Entender o que se passa na mente de alguém pode parecer uma tarefa complexa. Muitos acreditam que é preciso analisar gestos, postura corporal ou microexpressões para decifrar intenções.
No entanto, uma ex-agente especial dos Estados Unidos defende uma abordagem mais simples e, segundo ela, muito mais eficiente.
De acordo com a jornalista e ex-integrante do serviço de segurança americano, Evy Poumpouras, a chave para compreender alguém está no estado mental em que essa pessoa se encontra durante a conversa, e não nos movimentos do corpo.
Ler pessoas não é sobre gestos, é sobre foco mental
De acordo com Evy, toda interação humana acontece a partir de um “espaço mental”. Esse espaço define como a pessoa pensa, reage e se comunica naquele momento específico.
Ela afirma que, ao identificar esse ponto rapidamente, é possível prever reações, ajustar o tom da conversa e evitar conflitos desnecessários, tanto em ambientes pessoais quanto profissionais.
Os dois estados mentais que revelam tudo
Segundo a especialista, praticamente todas as pessoas alternam entre dois grandes estados mentais. O primeiro passo para uma comunicação eficaz é reconhecer em qual deles alguém está.
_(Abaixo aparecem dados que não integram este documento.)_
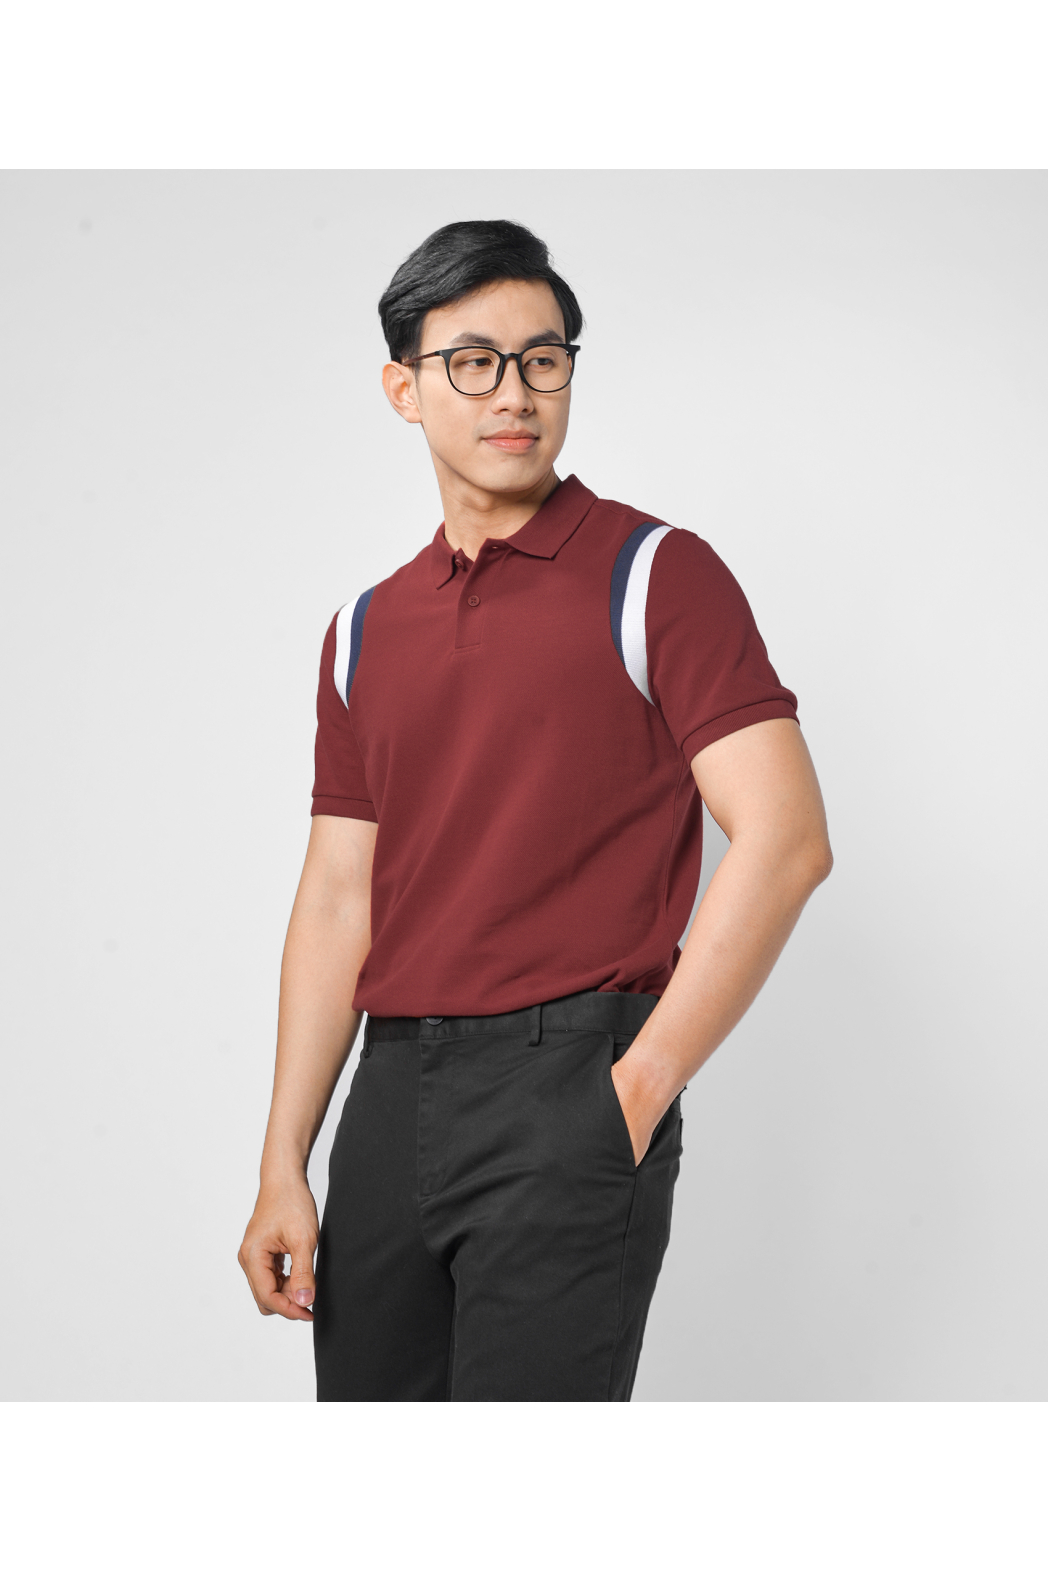 Áo polo contrast with Rib FITTED form – 10F20POL003

1. Foco na identidade pessoal
Quando a pessoa está operando a partir da identidade, o centro da conversa são as emoções, percepções e experiências individuais. Ela interpreta os acontecimentos de forma pessoal e reage com base no que sente.
Nesse estado, é comum o uso de expressões como:
- “Eu sinto”
- “Eu penso”
- “Na minha experiência”
Esse modo costuma surgir em momentos de insegurança, necessidade de validação ou quando alguém precisa ser ouvido. Não se trata de algo negativo, mas pode dificultar conversas objetivas se não houver equilíbrio.
2. Foco instrumental e orientado a resultados
No estado instrumental, a prioridade deixa de ser o sentimento e passa a ser a solução. A pessoa quer resolver o problema, cumprir a tarefa e seguir adiante.
Quem opera nesse modo tende a ser:
- Direto
- Prático
- Objetivo
Às vezes, esse comportamento pode soar frio, mas o foco está na eficiência, não na emoção. Evy explica que esse tipo de mentalidade foi fundamental durante sua atuação em ambientes de alta pressão, onde decisões rápidas faziam a diferença.
Por que tantos conflitos surgem nas conversas?
Segundo a ex-agente, muitos desentendimentos acontecem quando pessoas em estados mentais diferentes tentam se comunicar sem perceber isso.
Quem está focado nas emoções pode se sentir ignorado por alguém excessivamente direto. Já quem está orientado a resultados pode não entender reações emocionais intensas diante de um problema prático.
O segredo está no ajuste, não no julgamento
Evy reforça que ninguém permanece fixo em um único estado mental. O mais importante é reconhecer em qual espaço você está e identificar o do outro.
Essa percepção permite adaptar a comunicação, escolher melhor as palavras e tornar qualquer conversa mais clara, produtiva e menos desgastante.
Ler pessoas é aprender a ouvir além das palavras
Mais do que analisar gestos ou expressões faciais, entender pessoas exige atenção ao que guia suas ações naquele momento. Quando você identifica o foco mental do outro, a comunicação deixa de ser um jogo de adivinhação e passa a ser estratégica.
Às vezes, ler alguém é simplesmente entender de onde essa pessoa está falando.